Mehrdad Mohammadi

Information Theory Applications Glimpse in Statistics

Era of massive data sets brings fascinating problems at the interfaces between information theory and (statistical) learning theory.


There are various studied connections between information theory and statistics:


In their classic paper, Kolmogorov and Tikhomirov(1959) make connections between statistical estimation, metric entropy and the notion of channel capacity. Let’s write and draw this in information theoretic jargon. Let;

Codebook: indexed parametric family of probability distributions \(\{Q_\theta | \theta \in \Theta\}\)
Codeword: nature chooses some parameter \(\theta^\ast \in \Theta\) (the so-called True Parameter value)
Channel: user observes \(n\) i.i.d. draws from the true distribution \(X_i \sim Q_\theta^\ast\)
Decoding: estimator \(X^n \mapsto \hat{\theta}\) such that \(\hat{\theta}\overset{\mathbb{P}}{\rightarrow}\theta^\ast\)
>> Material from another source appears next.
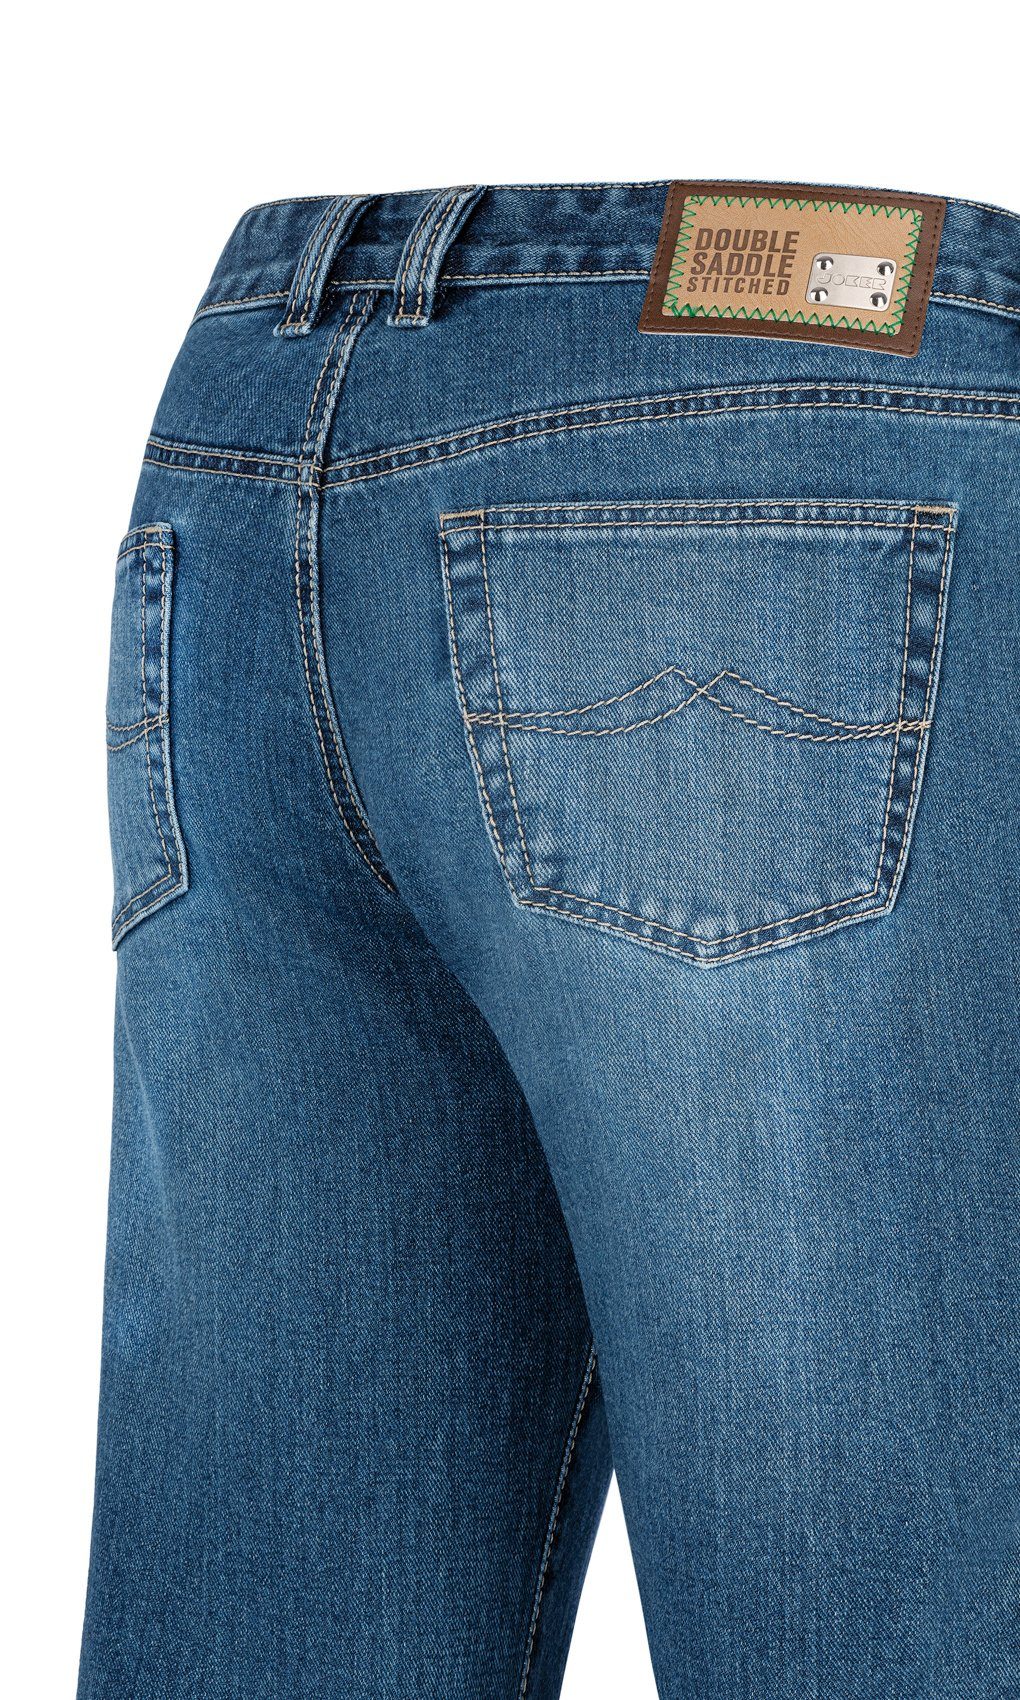 5-Pocket-Jeans authentic Joker Clark Japan Denim 1282200 stabiler used
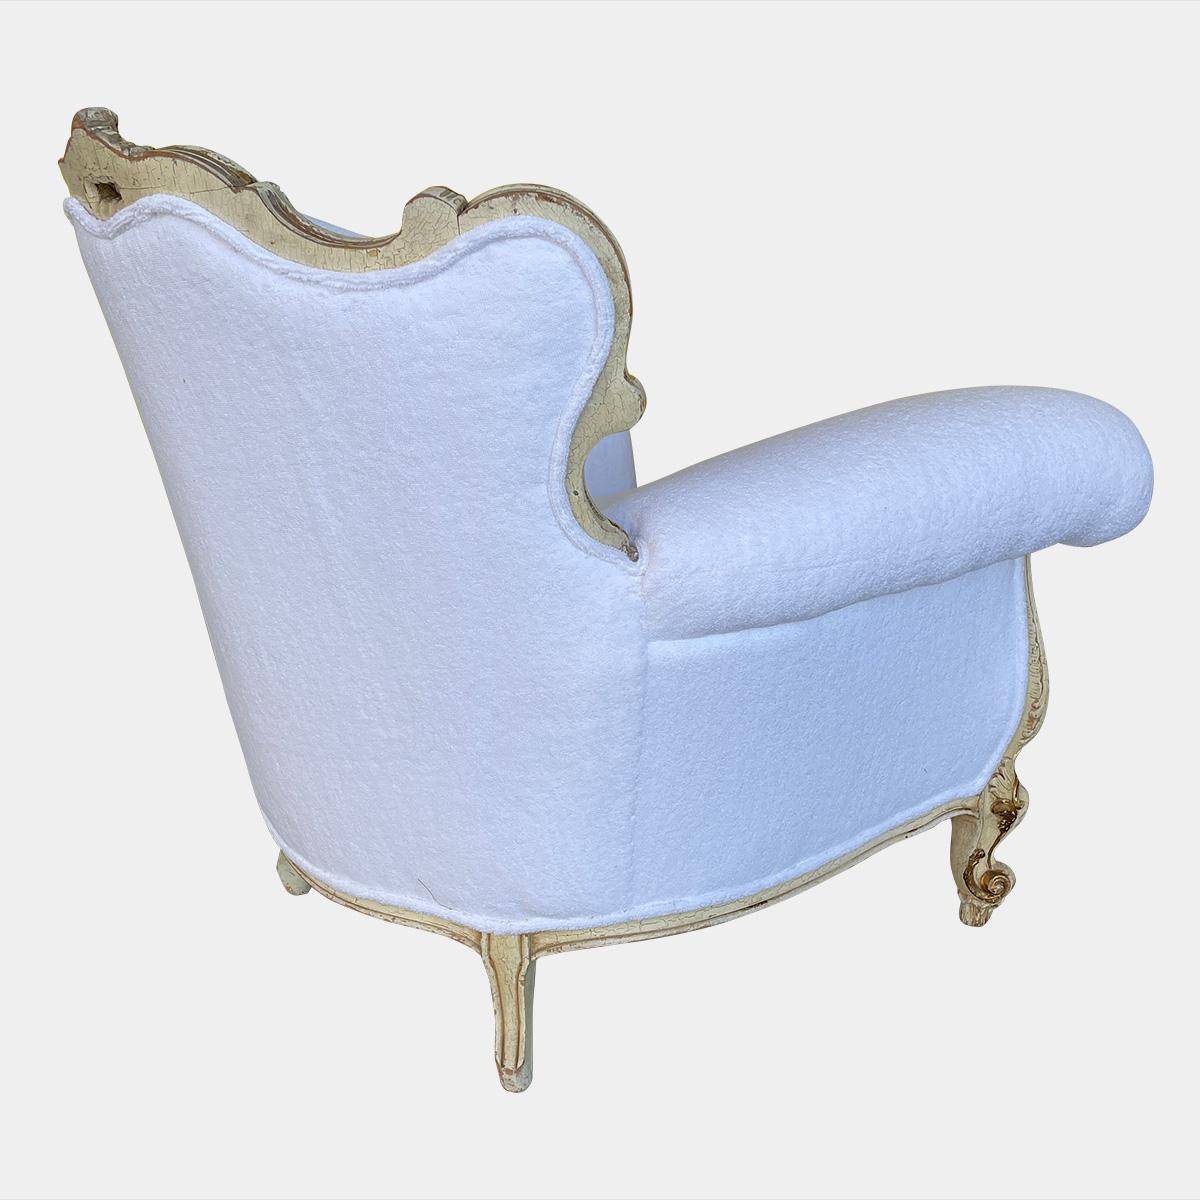 Grand fauteuil de style rococo de la fin du XIXe siècle, recouvert de Whiting blanc et doté d'un coussin à plumes. Le cadre doré du colis est orné de rinceaux, de feuillages et de coquillages, avec une patine d'origine et des traces de choc. Re

The setting could be defined in many variations:

codebooks/codewords:graphs, vectors, matrices, functions, densities,etc.
channels:random graphs, regression models, elementwise probes of vectors/machines, random projections ,etc.
closeness notion:exact/partial graph recovery in Hamming, \(l^p\) distances, \(L^P\)(Q)-distances, sup-norm etc.